Since $\overset{+}{\mathcal{H}}{\vee}\overset{\cdot}{\mathcal{L}} = \vartriangle$ (resp., $\overset{+}{\mathcal{H}}{\vee}\overset{\cdot}{\mathcal{R}} = \vartriangle$, $\overset{+}{\mathcal{H}}{\vee}\overset{\cdot}{\mathcal{D}} = \vartriangle$) means that $\overset{+}{\mathcal{H}} = \overset{\cdot}{\mathcal{L}} = \vartriangle$ (resp., $\overset{+}{\mathcal{H}} = \overset{\cdot}{\mathcal{R}} = \vartriangle$, $\overset{+}{\mathcal{H}} = \overset{\cdot}{\mathcal{D}} = \vartriangle$), it follows the following corollary.

Corollary 3.8. Suppose $S{\in}$COS$^+_3$. Then

$(i)$ $\overset{+}{\mathcal{H}}{\vee}\overset{\cdot}{\mathcal{L}} = \vartriangle$ if and only if $S$ satisfies the identities $x+2y\approx 2x+y, xyx\approx yx$;

$(ii)$ $\overset{+}{\mathcal{H}}{\vee}\overset{\cdot}{\mathcal{R}} = \vartriangle$ if and only if $S$ satisfies the identities $x+2y\approx 2x+y, xyx\approx xy$;

$(iii)$ $\overset{+}{\mathcal{H}}{\vee}\overset{\cdot}{\mathcal{D}} = \vartriangle$ if and only if $S$ satisfies the identities $x+2y\approx 2x+y, xy\approx yx$.

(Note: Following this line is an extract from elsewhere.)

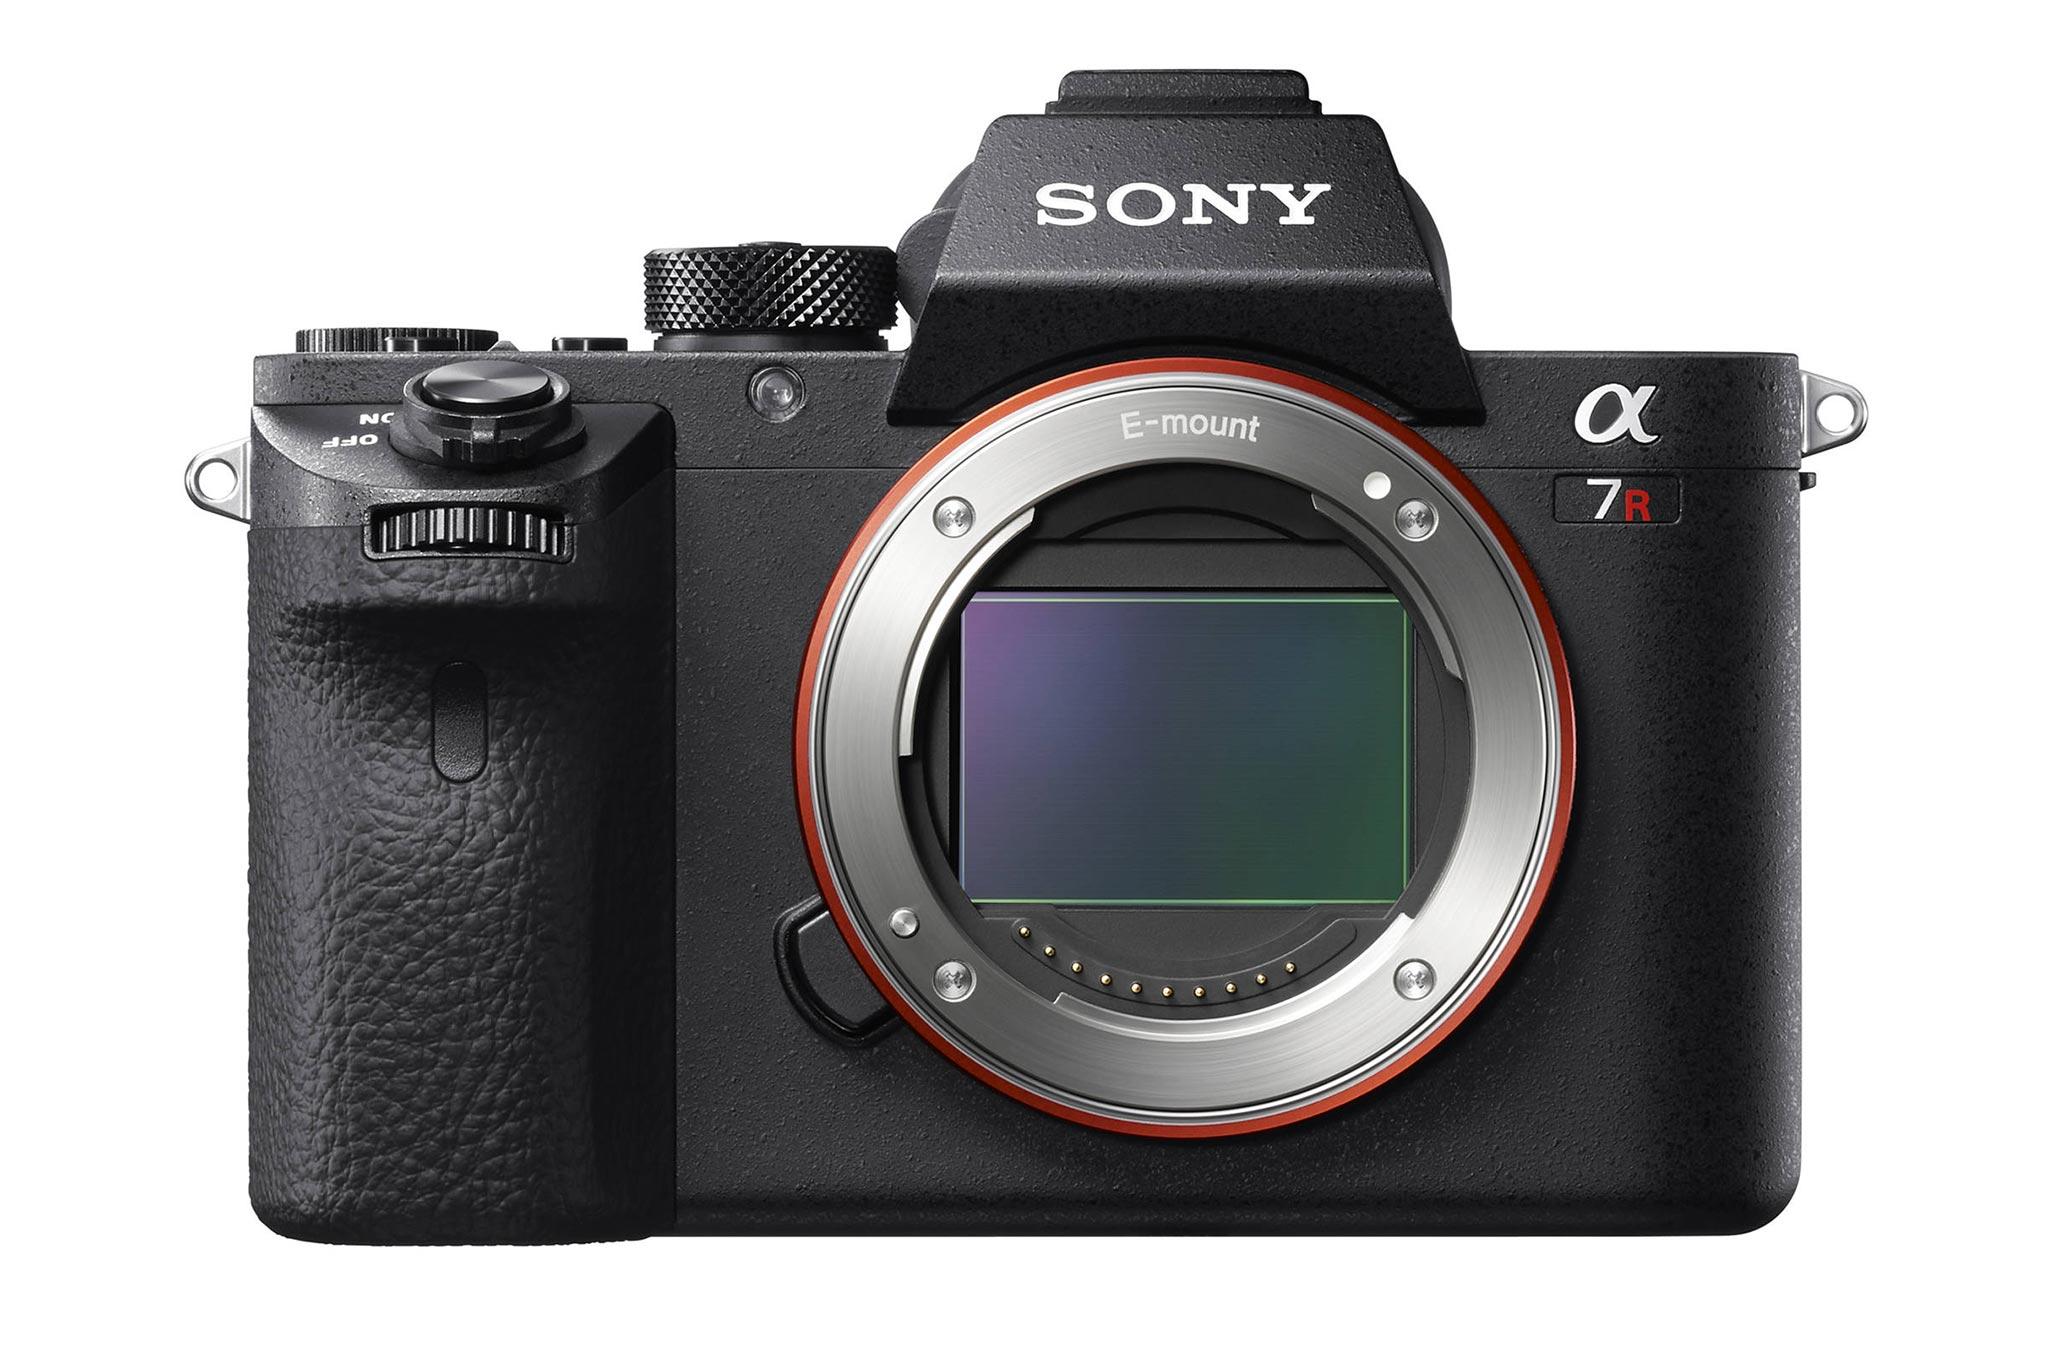 Sony_A7R_II_top_tinhte.jpg

Thus, the classes of semirings $\{S{\in}$COS$^+_3$$:\overset{+}{\mathcal{H}}{\vee}\overset{\cdot}{\mathcal{L}} = \vartriangle\}$, $\{S{\in}$COS$^+_3$$:\overset{+}{\mathcal{H}}{\vee}\overset{\cdot}{\mathcal{R}} = \vartriangle\}$ and $\{S{\in}$COS$^+_3$$:\overset{+}{\mathcal{H}}{\vee}\overset{\cdot}{\mathcal{D}} = \vartriangle\}$ are all varieties. According to ^[8], these varieties happen to be $\overset{\cdot}{\text{Rr}}$, $\overset{\cdot}{\text{Lr}}$ and $\overset{\cdot}S\ell$, respectively.

4.   Conclusions

In this paper, we consider a semiring variety COS$^+_3$, which is determined by additional identity $x^2\approx x$. We first give the sufficient and necessary conditions for some equivalences to be semiring congruences. Then we prove that the semiring classes defined by these congruences are subvarieties of COS$^+_3$. In the future, we will consider COS$^+_n$, which denotes the semiring variety determined by additional identity $x^n\approx x$. And we will extend the results in this paper.

Acknowledgments

The authors are supported by the Natural Science Foundation of China (Grant Nos. 11971383, 11801239) and Natural Science Foundation of Shaanxi Province (Grant No. 2020JM-425).

Conflict of interest

The authors declare that they have no conflicts of interest.